3 Replies Latest reply: Dec 3, 2007 12:21 AM by 807603 RSS

    How to check double byte characters

    807603
      Hi

      My requirement: I have to accept the string (may include double byte characters and special characters). Need to check that wether that string contains any special characters(like %,&,..), if so should display error message.

      My solution: Starting i tried by usign the ASCII values. But the my code dividing the Double Byte characters into two characters.

      Code:
      package JNDI;
      public class CharASCIIValues {

           public static void main(String[] args) {
                // TODO Auto-generated method stub
                String s = args[0];
                char ch[] = s.toCharArray();
                for(int i=0;i<=ch.length;i++){
                     System.out.println(" "+ch[i]+"="+(int)ch);
                }
                
           }

      }
      I ran with some double characters (japanese)
      But i got the out put was = ?=63 ?=63 ?=63 ?=63 ?=63 ?=63 1=49 2=50 3=51 h=104 e=101 l=108 l=108 o=111
      The ? are double byte charcters.

      Queries:
      Do i need to set any java setting to support DB characters.
      Please help me to come out this problem....any help/information will be appreciated.
        • 1. Re: How to check double byte characters
          807603
          First of all Java strings are encoded in a modified version of UTF-8 that uses 2 bytes per character. That is the char datatype is equivalent to an unsigned short.

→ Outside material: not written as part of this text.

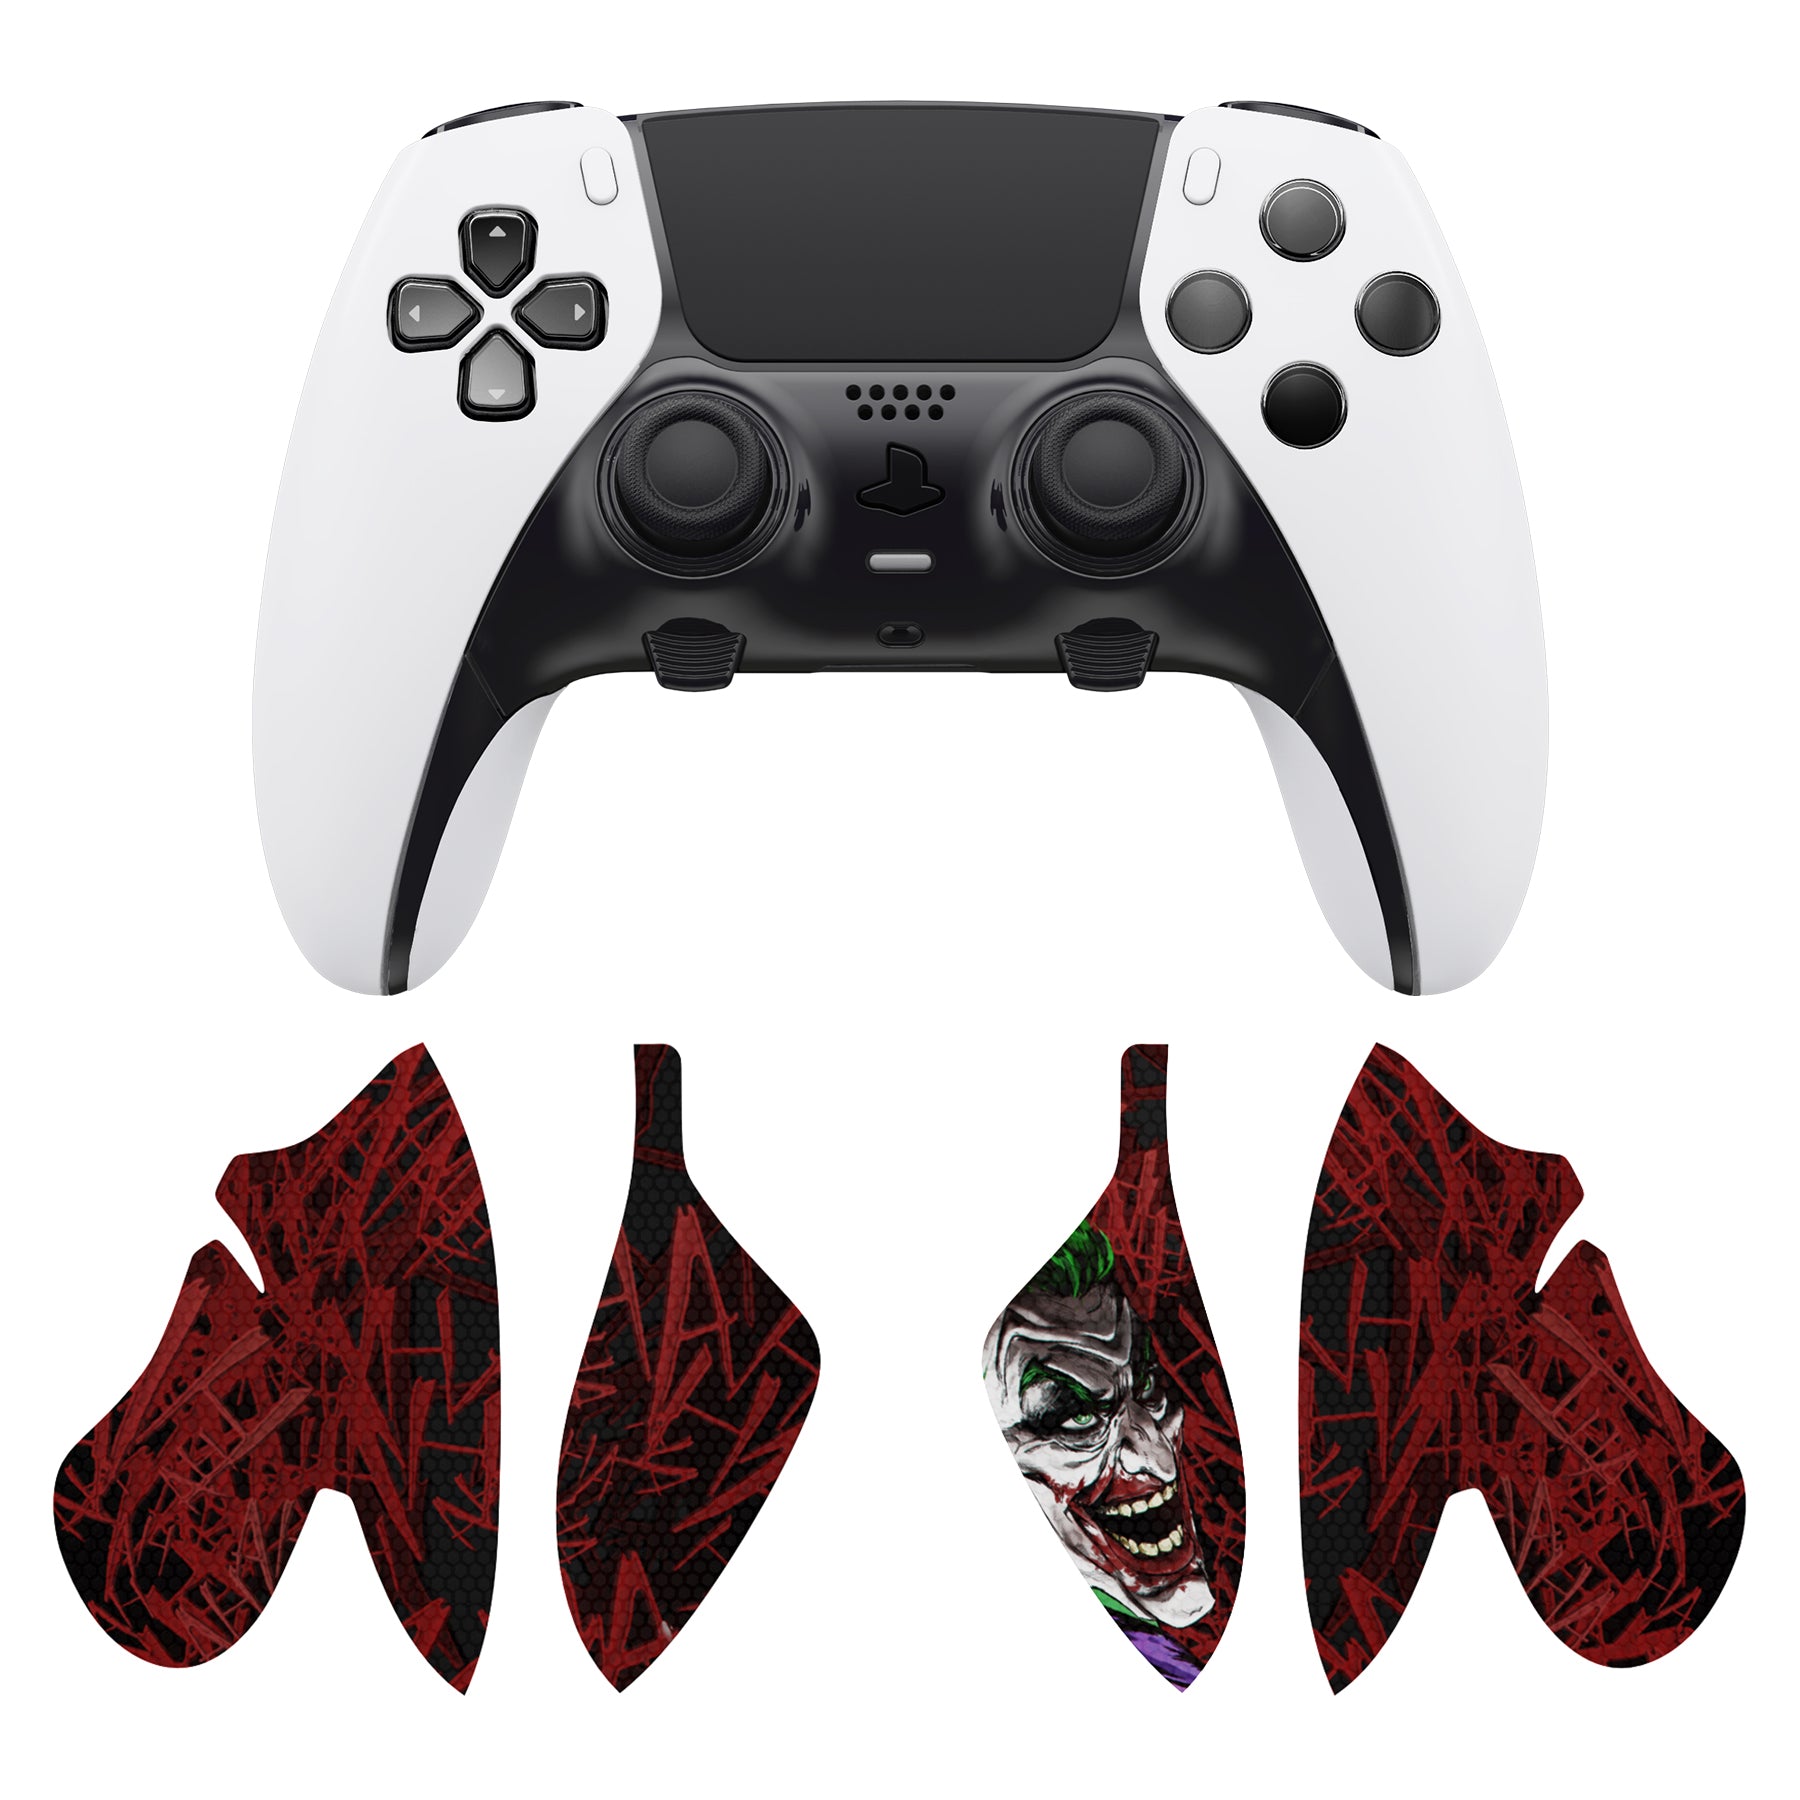 PlayVital Anti-Skid Sweat-Absorbent Controller Grip for ps5 Edge Wireless Controller, Professional Textured Soft PU Handle Grips Anti Sweat Protector for ps5 Edge Controller - Clown Hahaha - PFPJ148 PlayVital

          Second what exactly do you mean by double byte? Whether a character ends up encoded in two bytes or not depends on the encoding used (UTF-8, UTF-16 (both unicode), BIG5, GB2312 (both chinese), iso-8859-1(Latin-1), ASCII, etc...). This means that there are no "double byte characters" there are only "double byte characters when encoded in <your encoding>".

          Where does your string come from? What encoding are you using to read the string in the first place? Are you sure you are creating the string using the right encoding?
          • 2. Re: How to check double byte characters
            807603
            You may also want to google for the file.encoding system property. It seems that the command line arguments are not passed correctly to your program, setting the file.encoding system property to the encoding in which your characters are might help. Examples of non-unicode encodings that contain japanese characters would be Shift JIS and ISO-2022.
            • 3. Re: How to check double byte characters
              807603
              npiguet wrote:
              First of all Java strings are encoded in a modified version of UTF-8 that uses 2 bytes per character.
              Actually, they're encoded in UTF-16, but that's irrelevant. As you said, this looks like a problem with the encodings of the input and output.